By Dennis Garcés
Over the past year, the conversation around Artificial Intelligence has shifted radically in Costa Rica. It is no longer about understanding what AI is or whether it will eventually impact businesses. The question is now far more concrete: how can it be turned into a real and measurable competitive advantage?
I have spoken with multiple directors and managers who share a legitimate concern. They understand that AI can generate efficiencies, reduce risks, and improve decision-making, but they lack clarity on how to structure the investment and how to prevent it from becoming a project that never moves beyond the initial pilot phase.
And that is the critical point. The difference between experimenting with AI and generating sustainable impact is not in the tool—it is in the strategy.
The Silent Risk of Improvised Adoption
Today, it is relatively easy to activate a generative model, automate a process with predictive algorithms, or implement an internal assistant. Technological access is no longer the main barrier. The real risk lies in launching isolated initiatives without a clear strategic framework.
When AI is implemented as an independent experiment—without integration into key processes, without defined financial indicators, and without executive sponsorship—the outcome is usually the same: initial enthusiasm, limited impact, and eventually organizational skepticism.
Poorly managed innovation not only wastes budget; it also erodes internal trust for future transformation initiatives.
Shifting the Conversation: From “Which Tool” to “Which Problem”

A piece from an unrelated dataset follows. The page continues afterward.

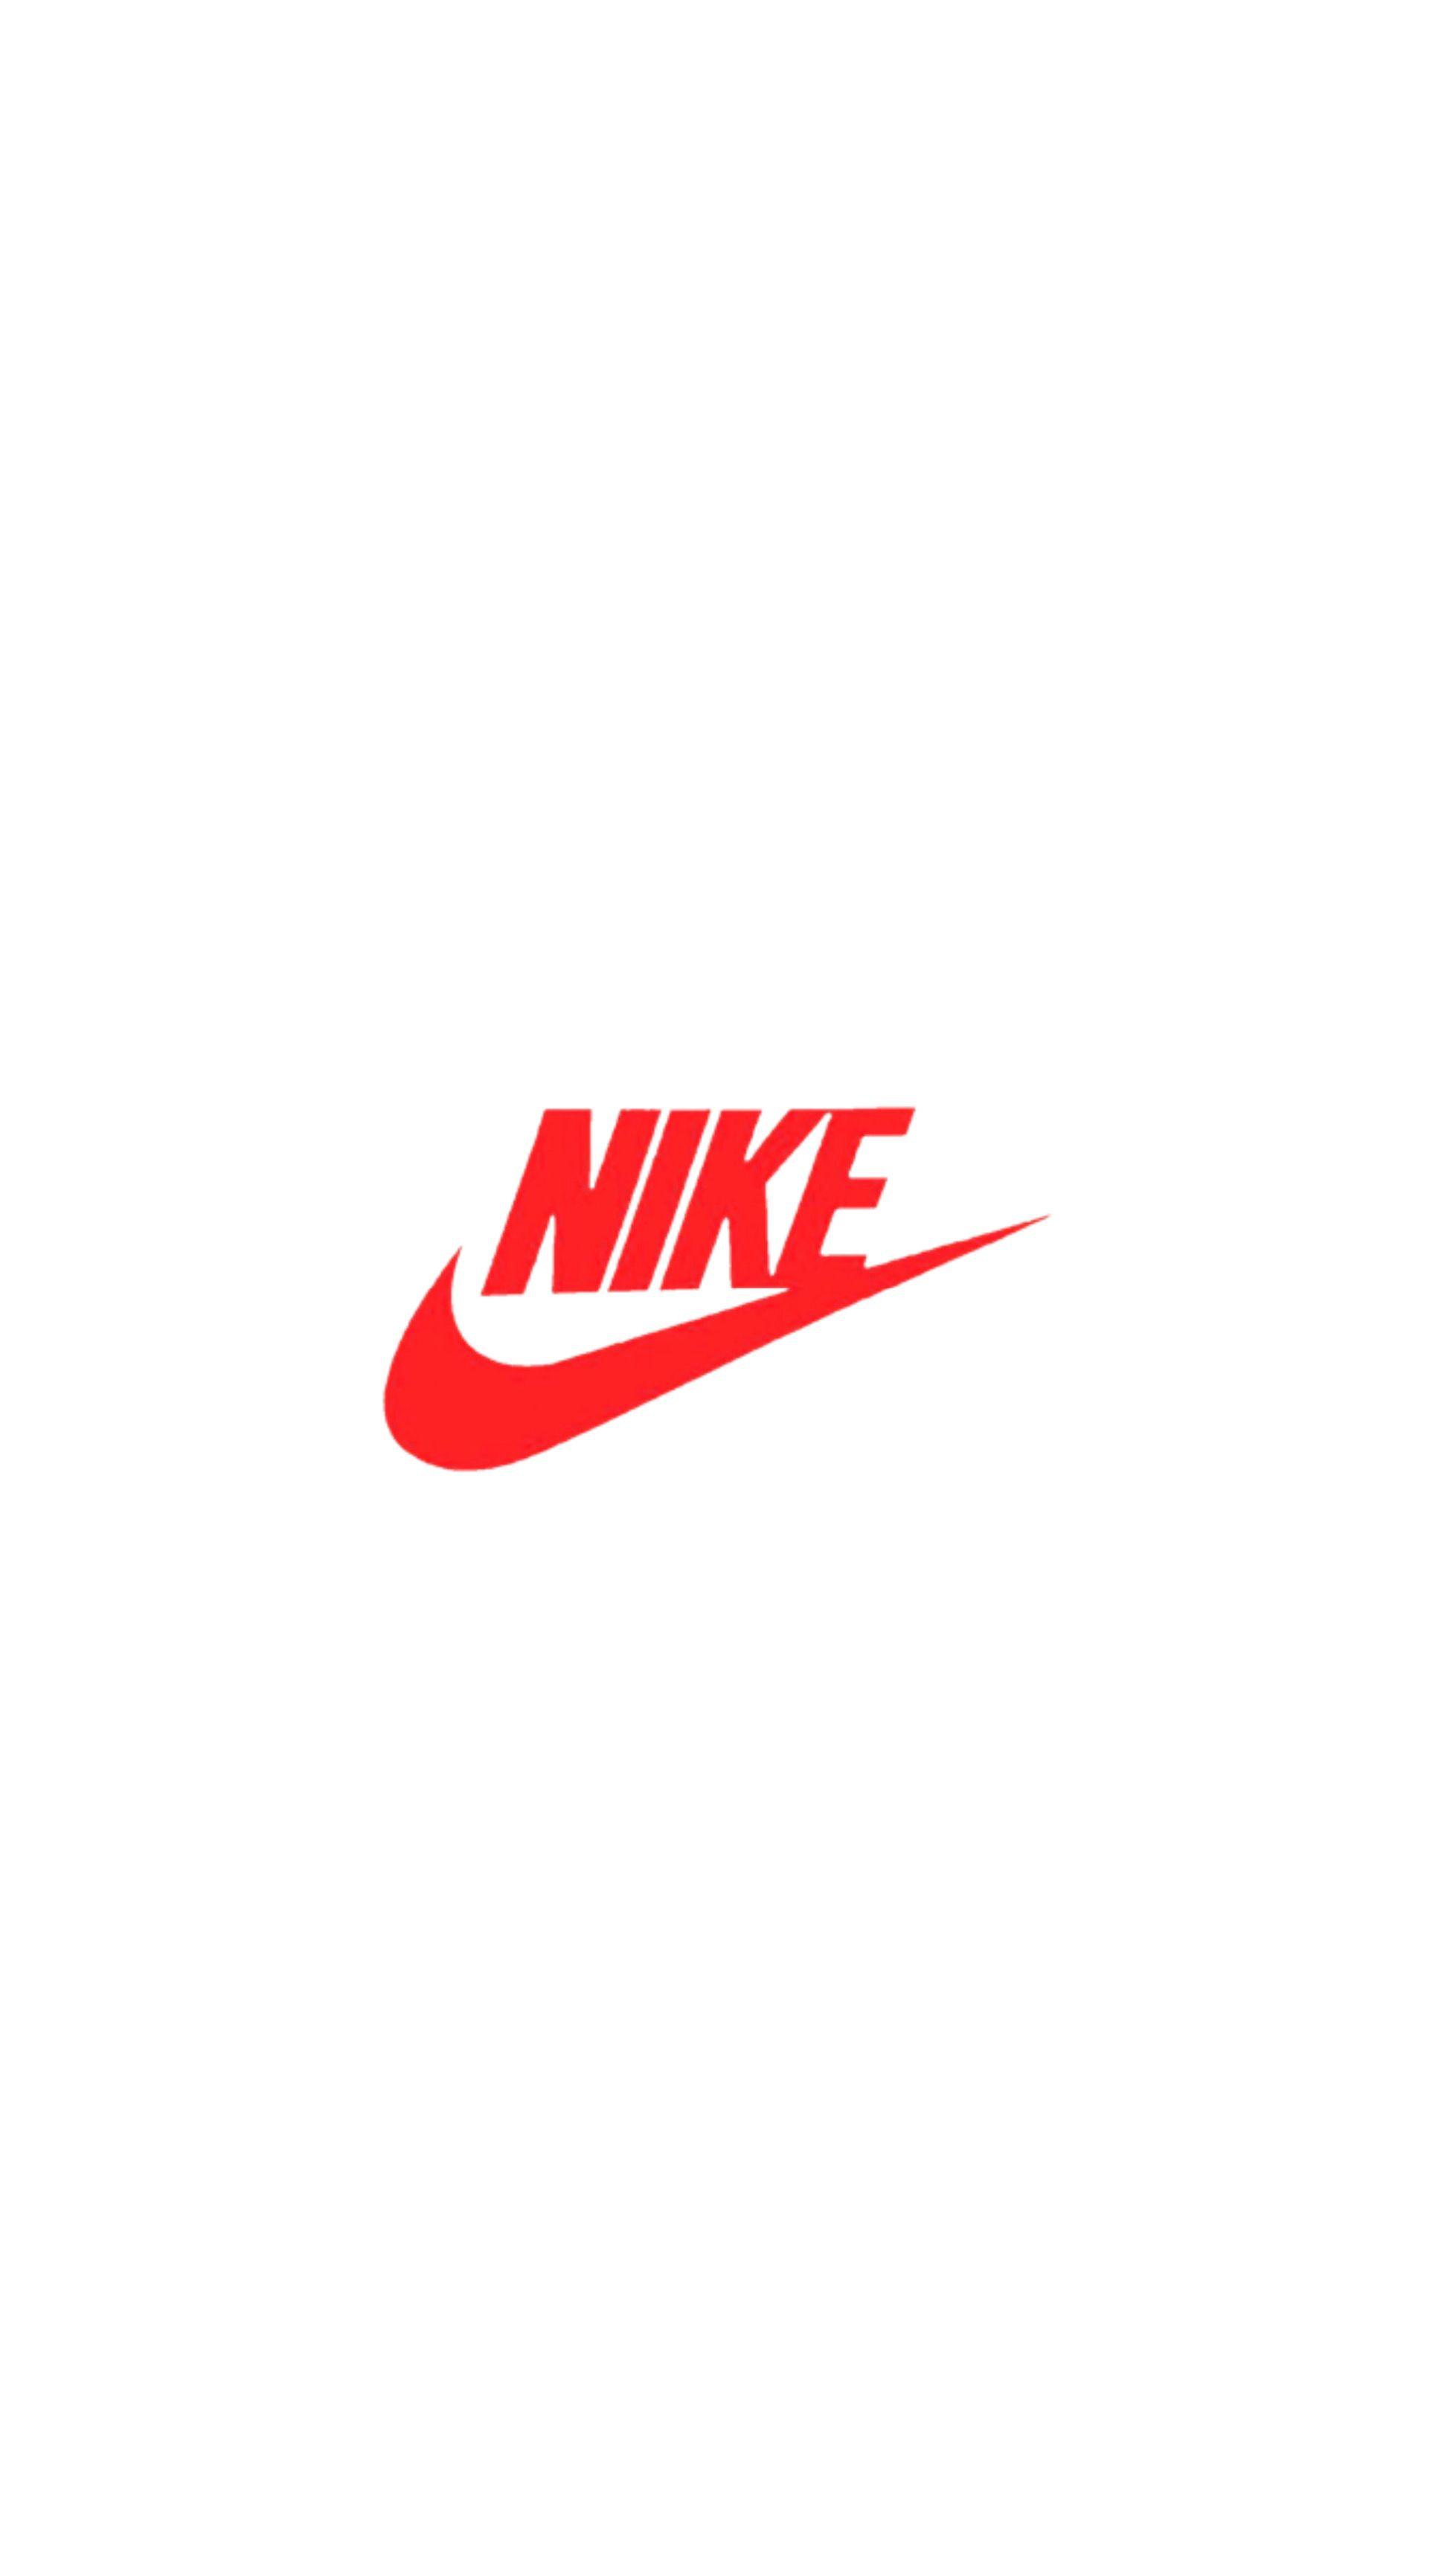 Nike Logo Red Nike Wallpaper Cool Nike Wallpapers Blue Wallpaper Iphone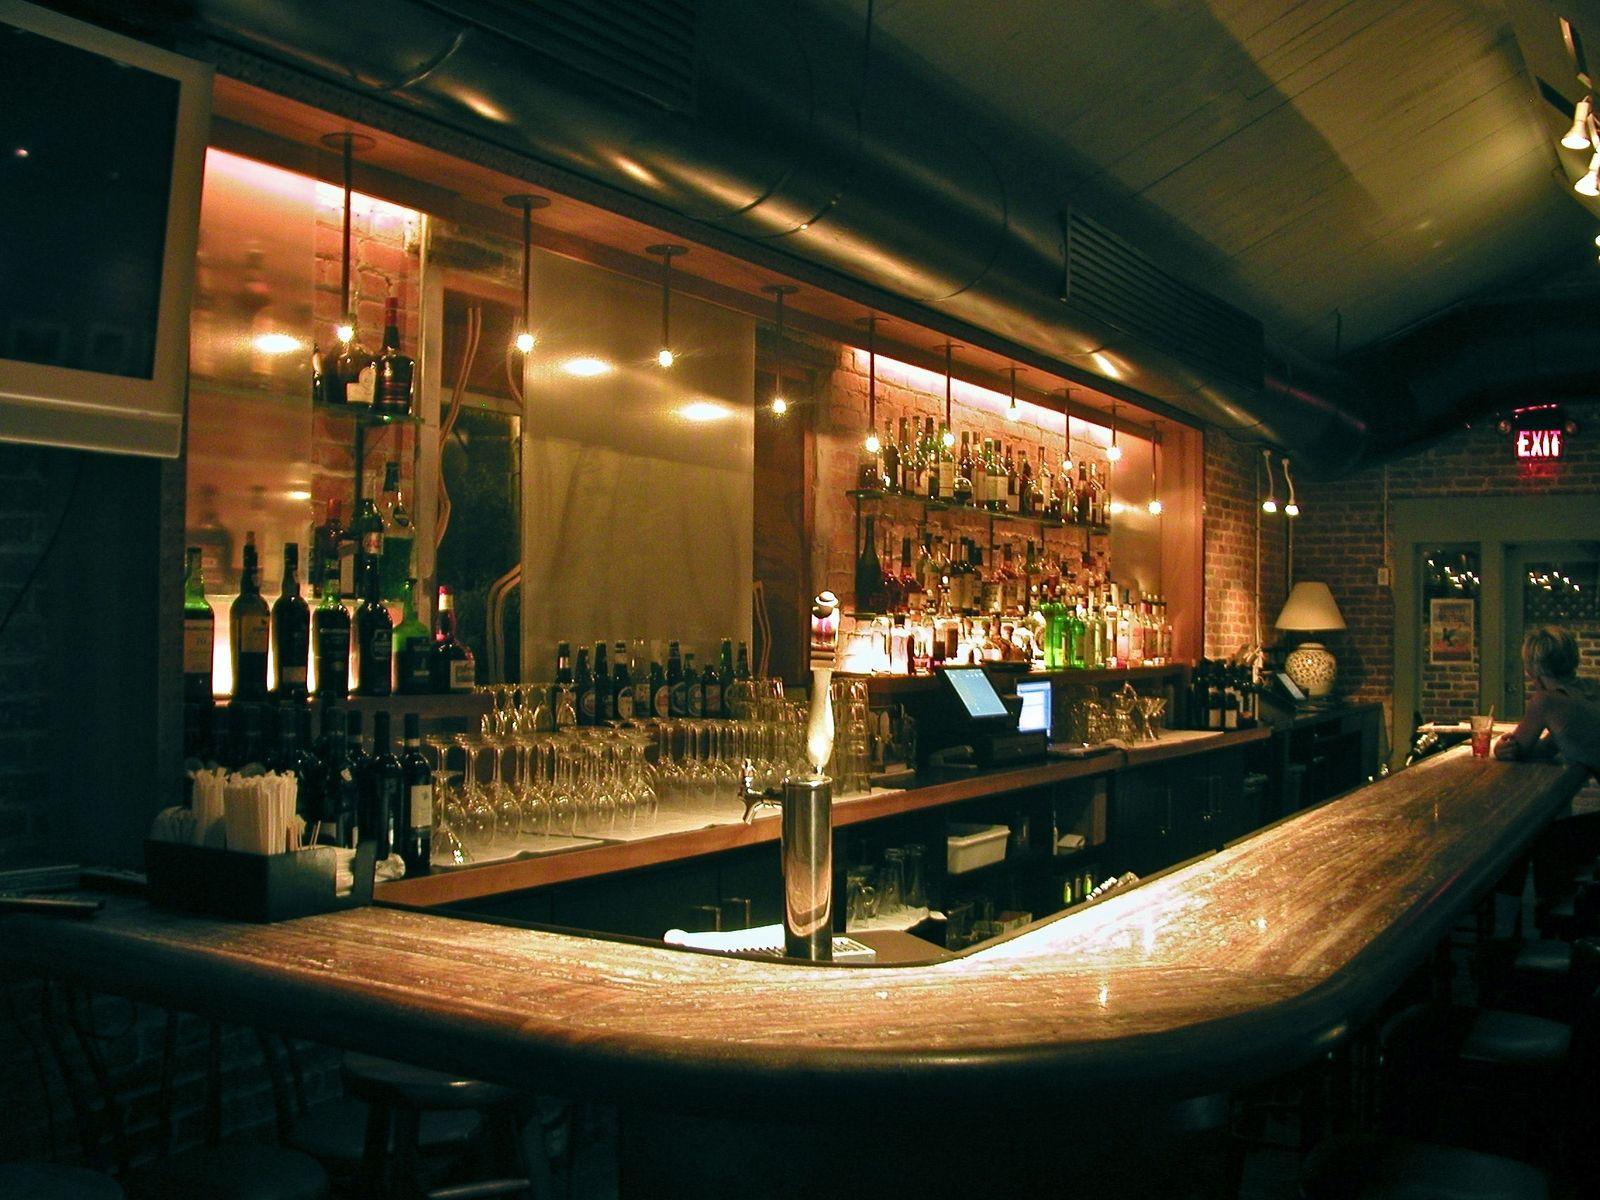 Home Bars And Bar Carts CustomMadecom - Home liquor bar designs

In many organizations, the discussion begins by asking which platform to use or which model is more advanced. That is not the right conversation.
The strategic questions are different:
- Where are we losing operating margin?
- Which critical decisions still depend on incomplete or delayed information?
- Where are our primary financial or reputational risks concentrated?
- Which processes could scale without proportionally increasing costs?
When AI aligns with these questions, it stops being an experimental expense and begins to become an investment with a clear return.
In sectors such as banking, retail, manufacturing, and services in Costa Rica and other countries, we are already seeing cases where AI is generating tangible results: reduced analysis times, early risk detection, inventory optimization, automation of repetitive administrative tasks, and improved customer experience.
Three Conditions That Distinguish Those Who Advance Successfully
When analyzing projects across different business contexts, three patterns consistently appear among organizations that manage to turn AI into a competitive advantage.
- Genuine Executive Sponsorship
Successful initiatives have direct support from senior leadership. This goes beyond budget approval; it involves clear prioritization and medium-term commitment.
When AI remains confined exclusively to the technology department, its impact tends to be limited.
- Data Maturity Before Scaling
Data quality and governance are decisive. Dispersed, inconsistent, or non-traceable data produce unreliable models. And when trust is lost, the initiative loses legitimacy.
Before discussing sophisticated models, it is necessary to strengthen the information architecture.
- Integration into Operational Processes
AI must impact real decisions and critical workflows. If the solution operates on the margins of the business—as a parallel tool—its value quickly diminishes.
The objective is not to prove that the technology works; it is to prove that the business improves.
Beyond Technology: Leadership and Focus
Ultimately, the transition from experimentation to competitive advantage is a leadership decision.
It involves defining priorities, allocating resources with a medium-term vision, and managing the cultural change that accompanies any technological transformation.
For sponsors and directors evaluating AI projects, the focus should center on three fundamental questions:
- What is the expected financial impact, and how will we measure it?
- What risks are we mitigating with this initiative?
- How will this solution be integrated into our daily operations?
Answering these questions clearly is what differentiates a strategic investment from a circumstantial project.
A Responsible Approach to the Future
Artificial Intelligence will continue evolving and transforming industries. However, the true competitive differentiator will not come from adopting the latest technology, but from integrating it coherently with business strategy.
In our experience, the organizations that achieve the best results are not those seeking quick solutions, but those that conduct a proper diagnosis, prioritize high-impact use cases, and progressively build internal capabilities.
Well-implemented AI does not replace human judgment or strategic vision. It enhances them. And in a competitive environment like today’s, enhancing decision-making can mark the difference between leading the market and reacting to it.